(Data items)

···

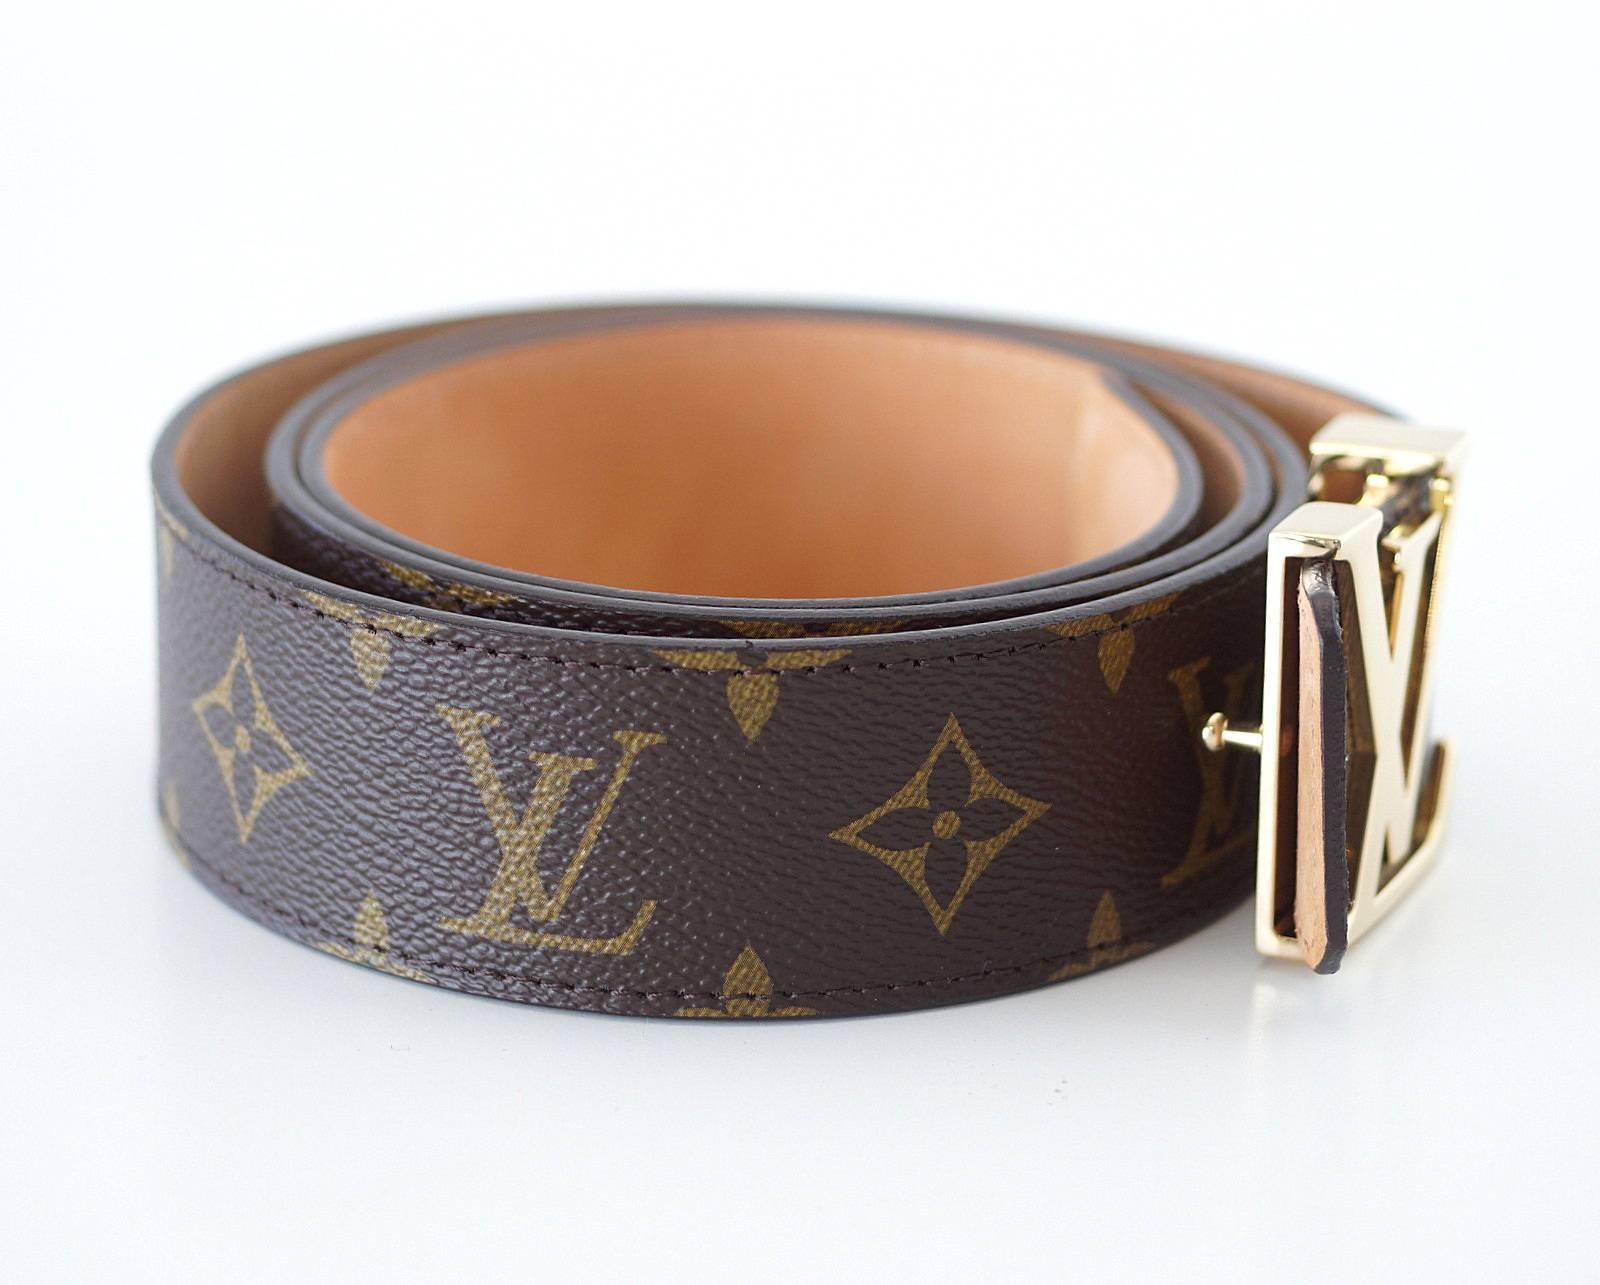 Guaranteed authentic LV San Tulle monogram mens belt can easily be unisex.
Gold LV buckle.  
LOUIS VUITTON PARIS is stamped on the belt.
NEW or NEVER WORN
final sale

SIZE:  100cm / 40

BELT MEASURES:
LENGTH:  46"
WIDTH: 
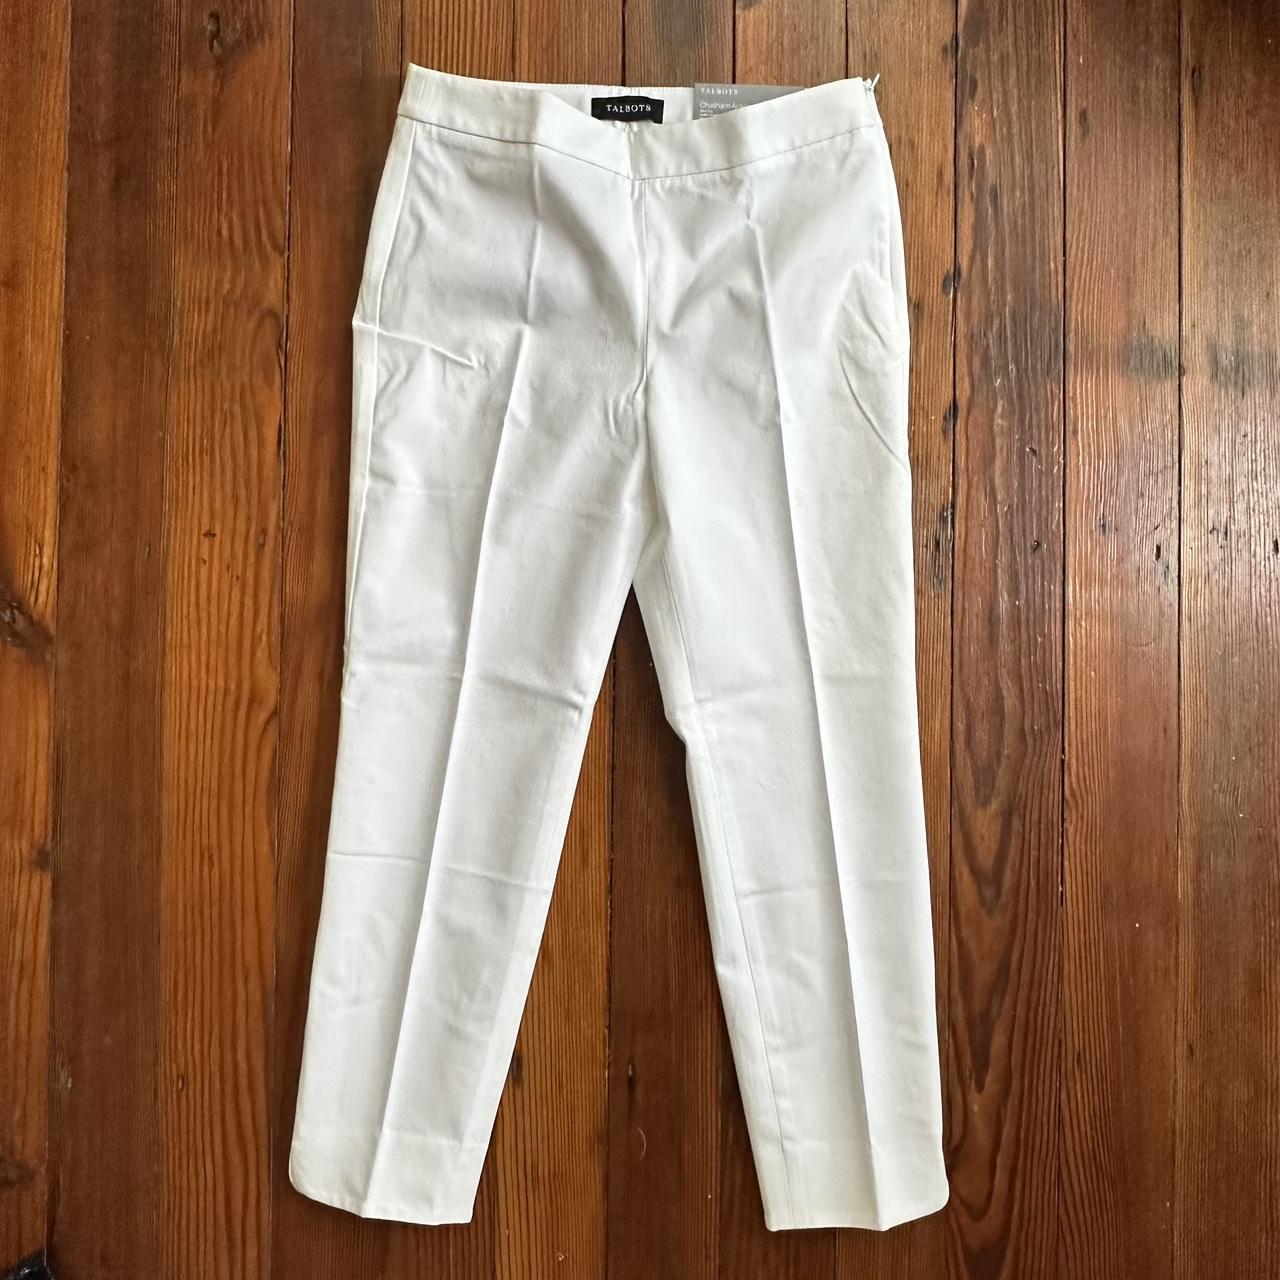 NWT Talbots Chatham Ankle Pants in White Petite - Depop

···

* TASK INSTRUCTIONS
What you return should match the entries word for word, pictures aside.

* RESPONSE
 Guaranteed authentic LV San Tulle monogram mens belt can easily be unisex.
Gold LV buckle.  
LOUIS VUITTON PARIS is stamped on the belt.
NEW or NEVER WORN
final sale

SIZE:  100cm / 40

BELT MEASURES:
LENGTH:  46"
WIDTH: 
 NWT Talbots Chatham Ankle Pants in White Petite - Depop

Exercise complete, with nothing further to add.